Then she started happily talking about how, after her sister passed away and my cousin gave the shawl to my mother, my mother had washed it, then “drrrrrrrr drrrrrrr drrrrrrr”, she said, as she mimed undoing the crochet. She said she had such fun doing that! Then she told me she balled the yarn up and gave it to me, then told me again that she made sure to wash it, first, so it was clean. Like somehow that was the most important thing? Or, she thought her sister was really dirty while wearing it?
My tongue was practically bleeding from my trying not to say anything. My mother still can’t understand the problem with her destroying something I’d made as a gift for her sister. No more than she can understand how much she hurt my daughter when we discovered she’d done the same thing with a shawl my then-early-teenaged daughter had made for her, after carefully selecting the yarn and colour, paid for out of her own allowance, and lovingly spending weeks crocheting it.
She mentioned my brother had come to visit, and I said I knew about it. Oh, you talked to him? Yes. Yes I did. She brought up how my SIL stayed in the car rather than come in to see her. I told her, they drove out in a storm, after my brother finished work, and reminded her of why my SIL stayed in the car, and how is it that she couldn’t appreciate that they were able to visit at all? She never even mentioned her great grandson. He may as well not have been there. She brought up how it “wasn’t the first time” my SIL stayed in the car rather than visit my mother. I was biting my tongue on that one, too. When I defended my brother and SIL, she just started crossing herself and changed the subject.
I did mentioned to her about seeing our vandal and his wife on the way over, and that they were unlikely to come visit while I was there, but might come later. I also added that I wasn’t going to stay long, because the roads were bad, plus I had her plant in the truck. She scoffed and said “of course” when I said I couldn’t stay long because of road conditions.

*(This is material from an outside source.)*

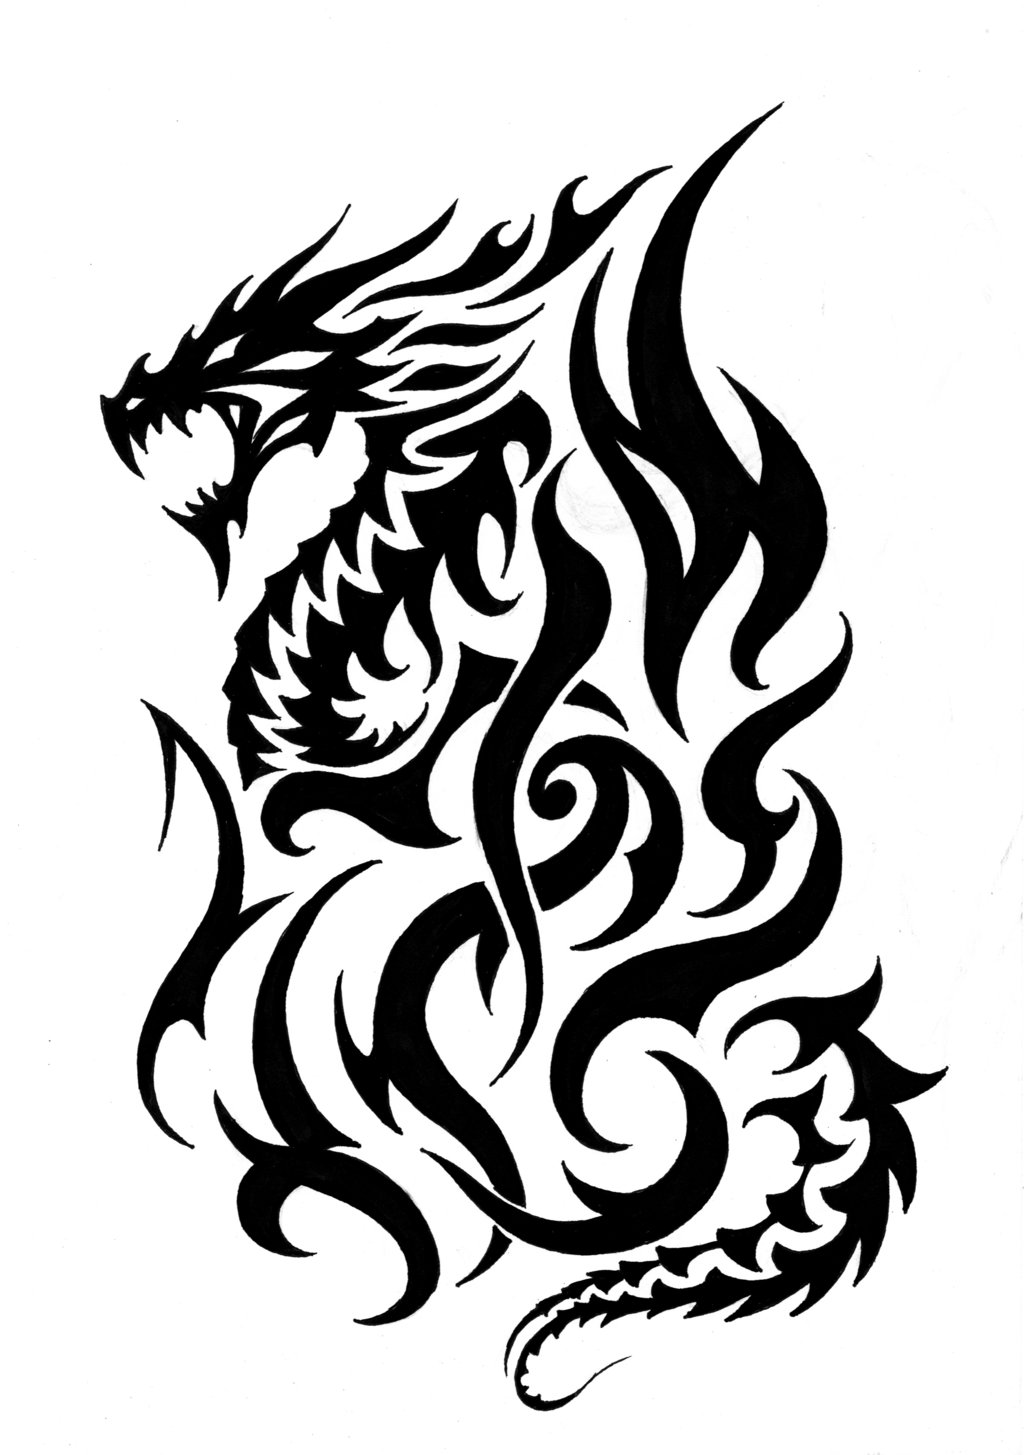 dragon fire silhouette

Then started talking about how “every time” we say we can’t stay long, she forgets all the things she meant to talk about while we were there. One of the things she asked me to bring was her notebook and writing implements, so I told her that she can now write these things down as she thinks of them, so she won’t forget next time.
We talked a bit about what to do with her things in her apartment. When I told her I couldn’t find her notes and didn’t want to dig through her papers (she has bins and boxes of papers everywhere, most of it junk) to look for it, she was perplexed. Apparently, it should have been in the open and easy to find. That got her to saying how my sister is to take all her papers and pictures, and her clothes. I suggested she could give my sister her key, so she could do that when she’s able, and we don’t have to try coordinating with each other’s schedules. Not until we know officially know what’s going to happen with my mother next, though. She did make a big deal – again – about how we shouldn’t throw anything away, and not to leave things in the common room because the staff throws it out. She is really fixated on that, even though we’ve told her, many times now, that we won’t be leaving anything of hers in the common room for her neighbours.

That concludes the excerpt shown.